As a daily newspaper reporter, I got paid to write one or two stories every day. “There’s no crying in baseball,” Tom Hanks’ character famously said in A League of Their Own. There’s no writer’s block in the daily newspaper business. There are no excuses. There is no giving in to laziness. Did I want a paycheck every week? I wrote a story every day.

“You’ll be surprised at how efficient you can be when the goal is completion rather than perfection,” Stone blogged. 

Here’s how to complete one scene:

Write down your idea. List the elements that the scene must contain. 

Luke must hear the herald’s words. R2D2 must show Leia’s hologram. Leia must say, “Help me, Obi-Wan Kenobi. You’re my only hope.” 

Luke must be intrigued by the beautiful girl. He must ask who she is. R2D2 and C3PO must deny knowing her, and create an aura of mystery.

Now write a scene with dialogue and describe those elements.

Don’t allow yourself to be lazy. Don’t allow yourself to give up.

7. An idea is a terrible thing to waste

Ever have a great idea and think, “that would be great for my book.” 

Did you write it down? No, you didn’t have a pen and paper. But you remembered it the next day, right? 

Never let that happen. Most of us carry phones. Text or email a note to yourself. Don’t wait even five minutes. Too much happens during those five minutes, and – oh snap – the idea is gone. Forever. 

I carry a 4-by-5 inch notebook in the front pocket of my shirt. My ideas go there until I get to my computer, and then I open the story file, when I write down and expand on my note. Sometimes, I get inspired and write the entire scene. 

Stone advocates blogging instead of wasting time. “How often during the day – while waiting in line, sitting on a bus, or just spacing out – do you open a social media or game app to while away the time? What if you opened the WordPress app (in your phone) instead and wrote a quick blog post?”

Would you prefer to waste your time on a mindless game, or write something you’re proud of? The score of that game will be gone the next day. The scene may survive you for years, for decades, long past your lifetime.

8. One bite at a time

One of my writing instructors, Patricia Charpentier, titled her book, Eating an Elephant? Write Your Life One Bite at a Time.

And that’s exactly how you’ll write your book: break up that insurmountable 320-page project into 50 chapters. Subdivide the 50 chapters into three scenes per chapter. Wow. You can write a chapter in a week.

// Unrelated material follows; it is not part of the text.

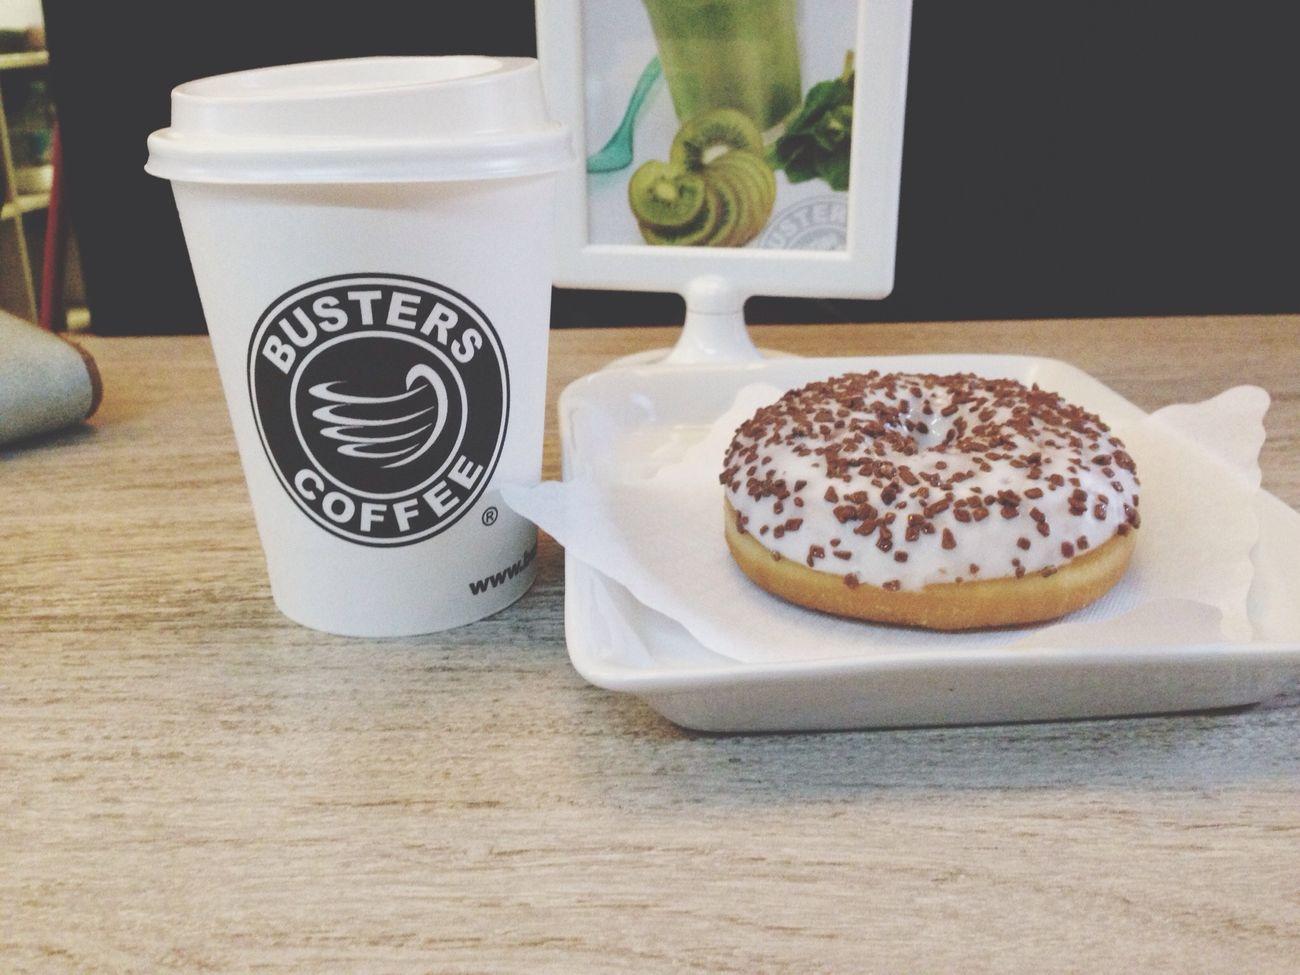 Buster Coffee Turin EyeEm Best Shots Ph: Me

9. Perfection won’t wait forever

The first draft is finished. Now make the first sentence better.

“Call me Ishmael.” 

“In the beginning, God created the heaven and the earth …”

Initial reactions matter. You don’t get a second chance, as mouthwash commercials remind us, to make a first impression. Make that first sentence perfect. If agents, then editors, then readers are not impressed after a sentence or two, they will read no further. 

The first sentence should begin with a hook. Ask yourself, what is the hook for Chapter 1? What is the hook for this whole book? Now begin the first sentence with that hook.

Jacob Appel is an author, short story writer, poet, playwright, bioethicist, physician, lawyer and social critic. His cardinal rule of an opening line is that it should possess a distinctive voice, a point of view, a rudimentary plot and character. “By the end of the first paragraph, we should also know the setting and conflict, unless there is a particular reason to withhold this information.”

Here is Flannery O’Connor’s A Good Man Is Hard to Find

“The grandmother didn’t want to go to Florida.” 

Already, the reader hears a distinctive voice, somewhat distant, possibly ironic. The reader hears the basic plot: conflict over a journey. The reader senses a character: a stubborn or determined elderly woman.

A mystery has been created. Why didn’t the grandmother want to go to Florida? Where did she want to go? Who did want to go to Florida? 

Appel’s personal favorite opening is Elizabeth Graver’s The Body Shop, which appeared in The Best American Short Stories 1991. “My mother had me sort the eyes.” 

Don’t confuse the reader, but it’s okay to puzzle the reader with a puzzled narrator. David Copperfield asked, “Whether I shall turn out to be the hero of my own life, or whether that station will be held by anybody else, these pages must show.”

Most readers will have to read the next sentence. Build momentum in Sentence 2.